President Donald Trump set off a firestorm in May when he tweeted that mail-in ballots for the upcoming elections would be “substantially fraudulent. Mailboxes will be robbed, ballots will be forged & even illegally printed out & fraudulently signed.” Twitter responded by taking the unprecedented step of adding a “get the facts” disclaimer to Trump’s tweets, linking to an article that claimed Trump’s charges were false. 

Yet evidence suggests cause for concern. “An inspector general report by the USPS establishes the lofty goal of only 96 percent for election mail delivery success. Sadly, in 2018, the post office couldn’t even meet that sorry goal, delivering only 95.6 percent of election mail successfully,” wrote J. Christian Adams, an election lawyer who served in the Voting Rights Section of the Justice Department from 2005 to 2010. “In the 2016 Presidential race, four percent was more than the margin of victory in 10 states representing 124 electoral votes.”
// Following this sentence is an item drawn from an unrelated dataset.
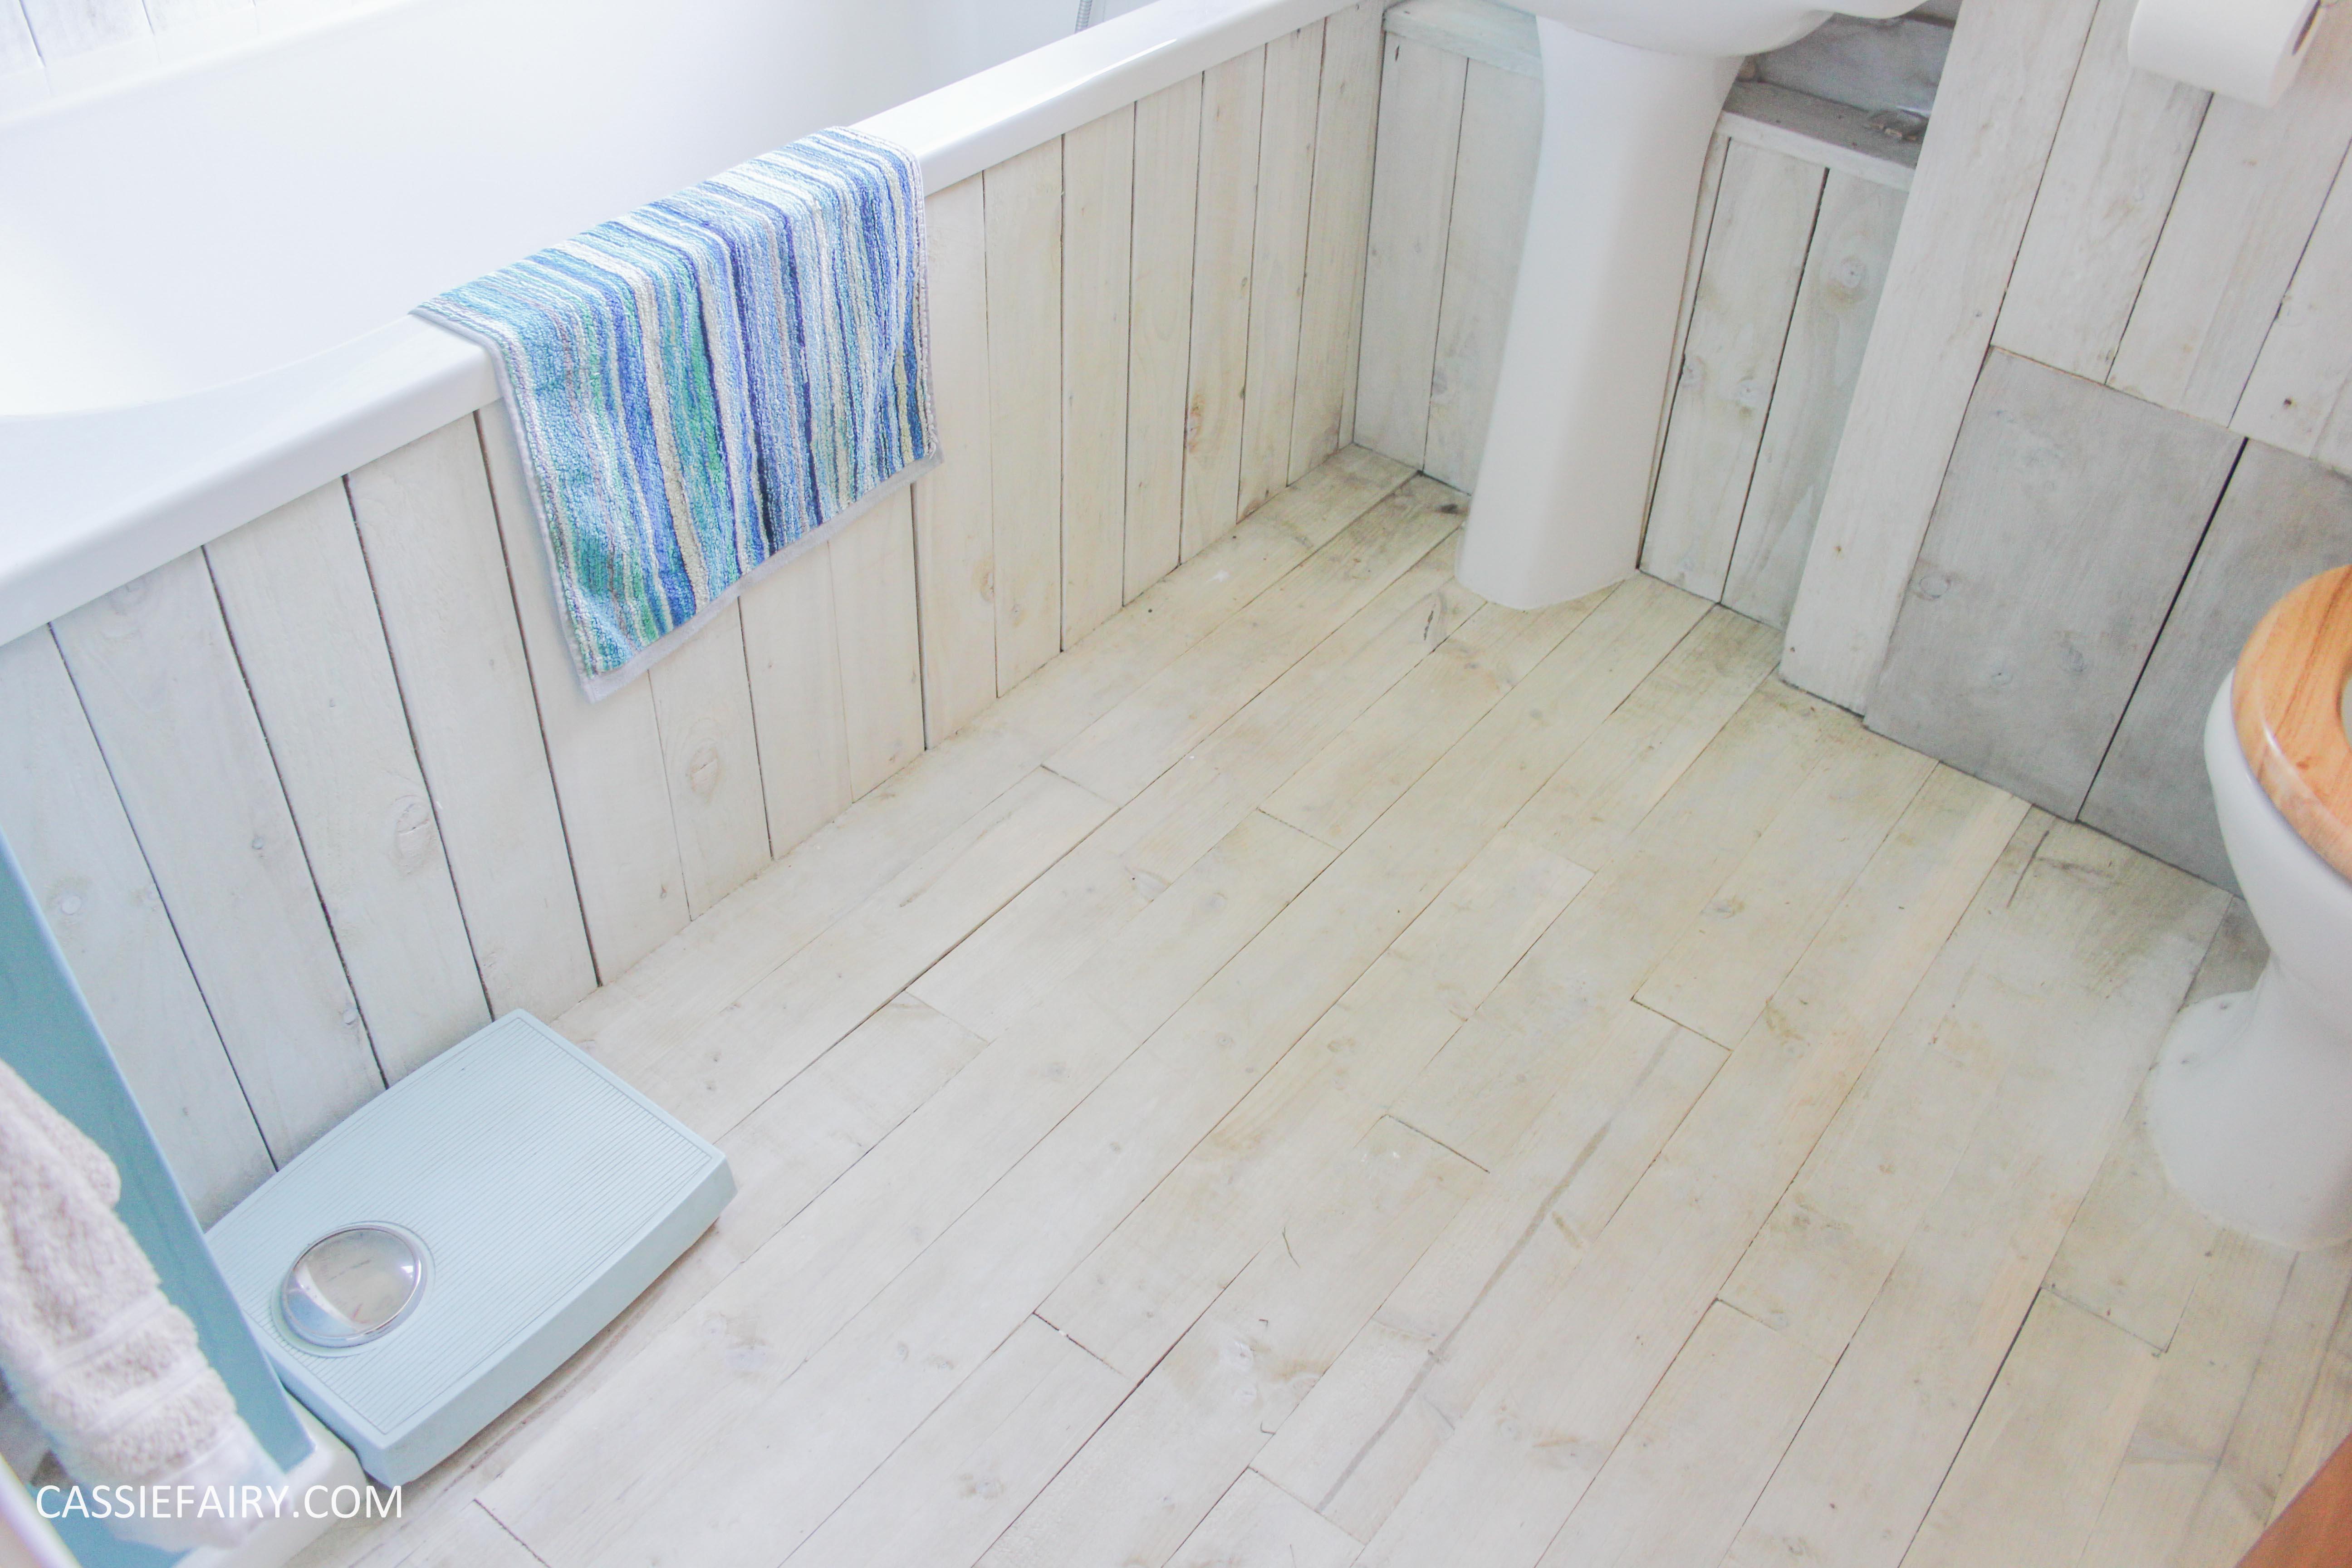 ... diy beach hut bathroom makeover project - low budget renovation-17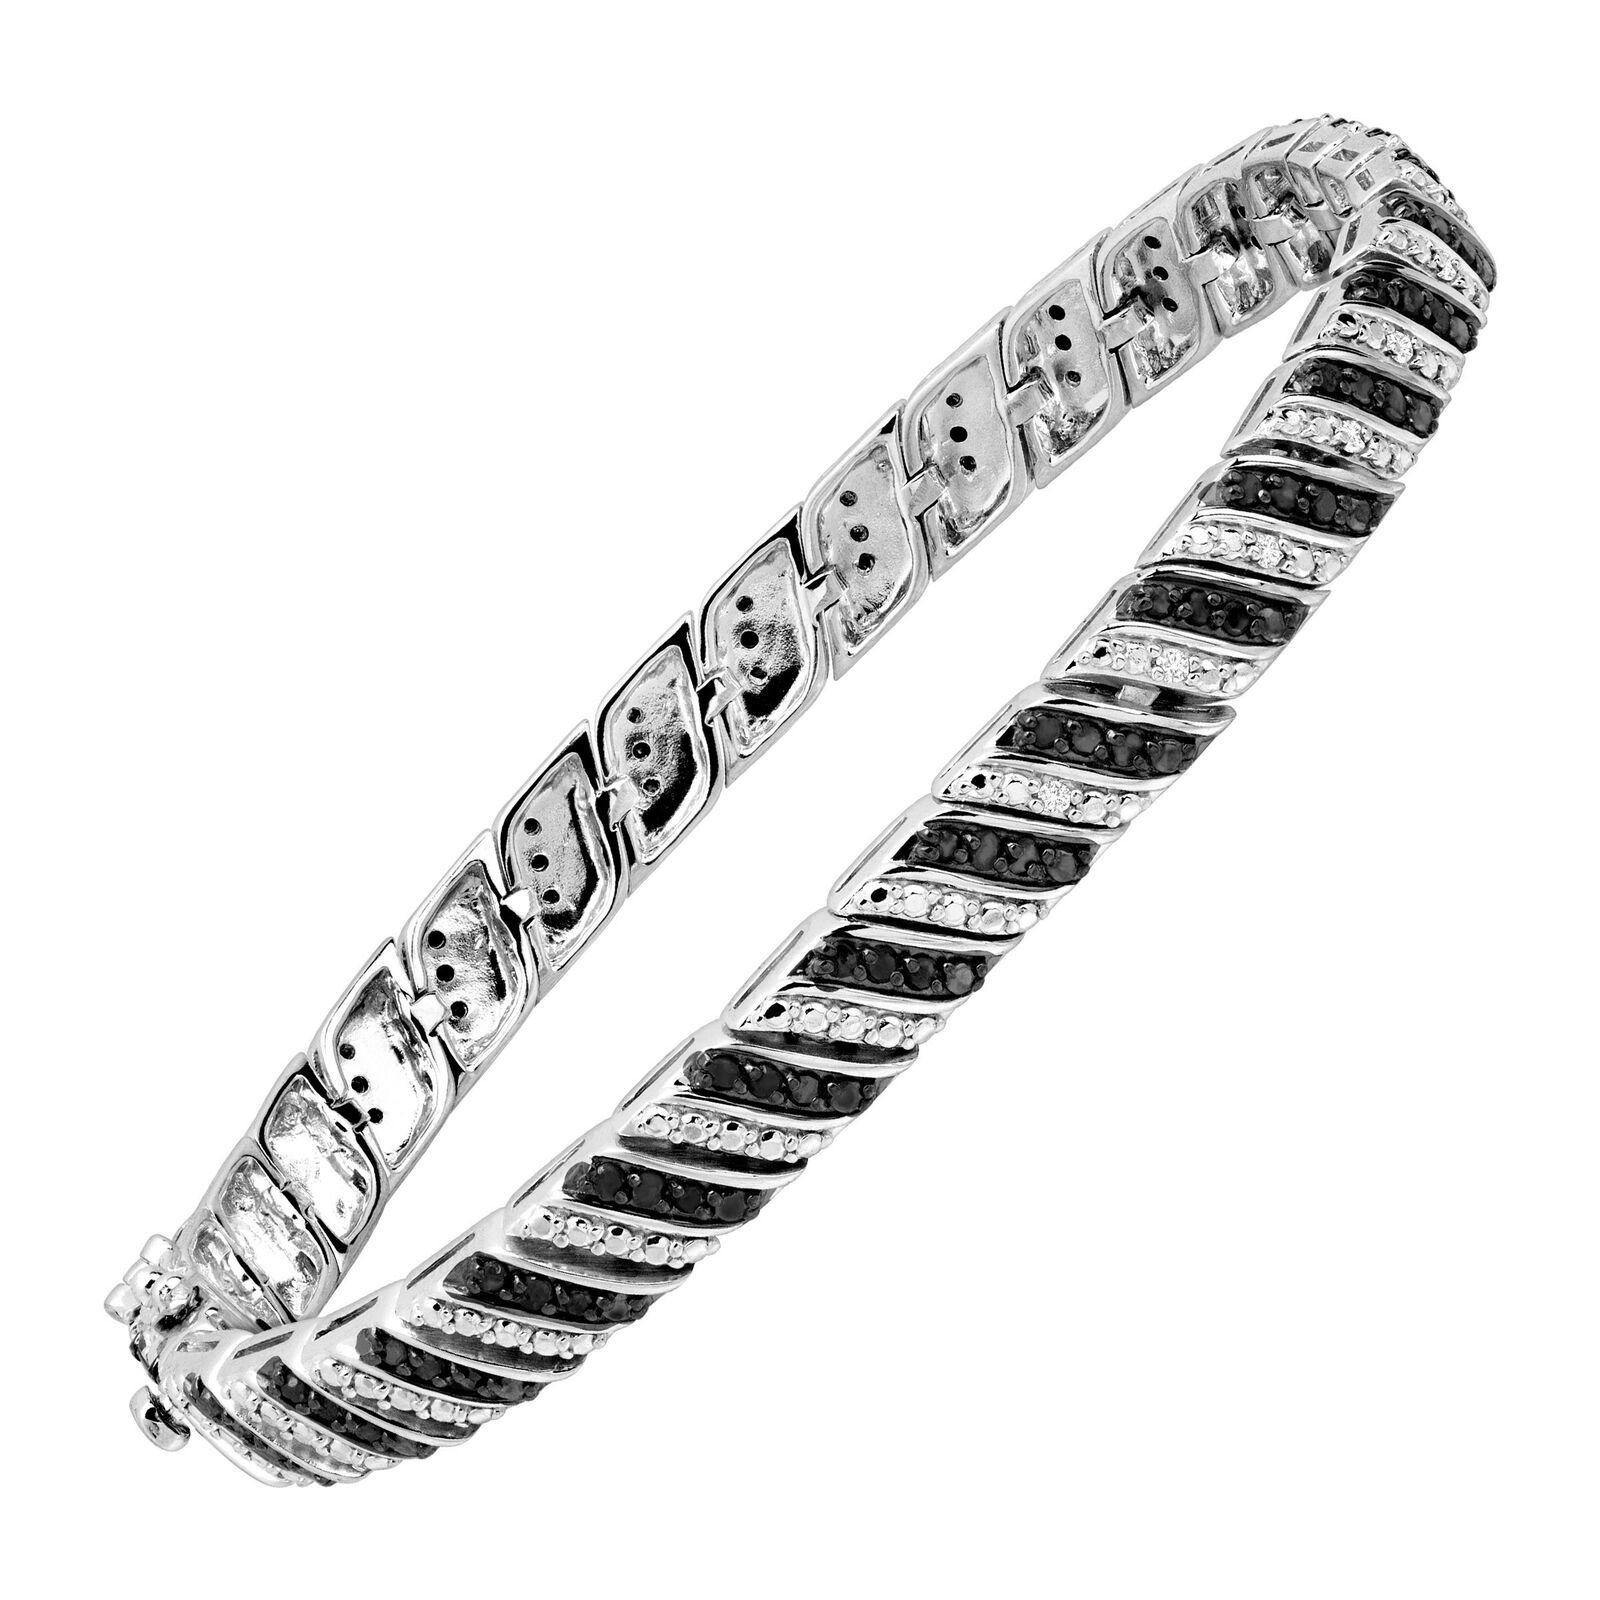 1 Ct Black White Diamond Tennis Bracelet In Sterling Silver Tennis Bracelet Diamond Black Diamond Bracelet Tennis Bracelet

As for the safety of in-person voting, the U.S. Centers for Disease Control (CDC) found “no clear increase” in COVID-19 infection after Wisconsin’s April 7 primary elections, which were held in-person and on schedule over the objections of state Democrats.

“No clear increase in cases, hospitalizations, or deaths was observed after the election, suggesting possible benefit of the mitigation strategies, which limited in-person voting and aimed to ensure safety of the polling sites open on election day,” the report determined. “These data provide preliminary evidence that CDC’s interim guidance for ensuring various voting options, encouraging physical distancing, personal prevention practices, and employing environmental cleaning and disinfection lower COVID-19 transmission risk during elections.”

The Wisconsin State Journal noted that a “total of 71 people got COVID-19 after voting in person or working at the polls during the April 7 election, but it’s not clear how many of the infections may have been caused by the spring election because many of the people had other exposures, according to the state health department.”

In Washington D.C., Republicans and Democrats are currently fighting over how much funding for the U.S. Postal Service (USPS) to include in the next coronavirus stimulus package. The USPS recently warned 46 states as well as the nation’s capital that it cannot guarantee all of their mail-in ballots will be delivered in time to be counted in the election.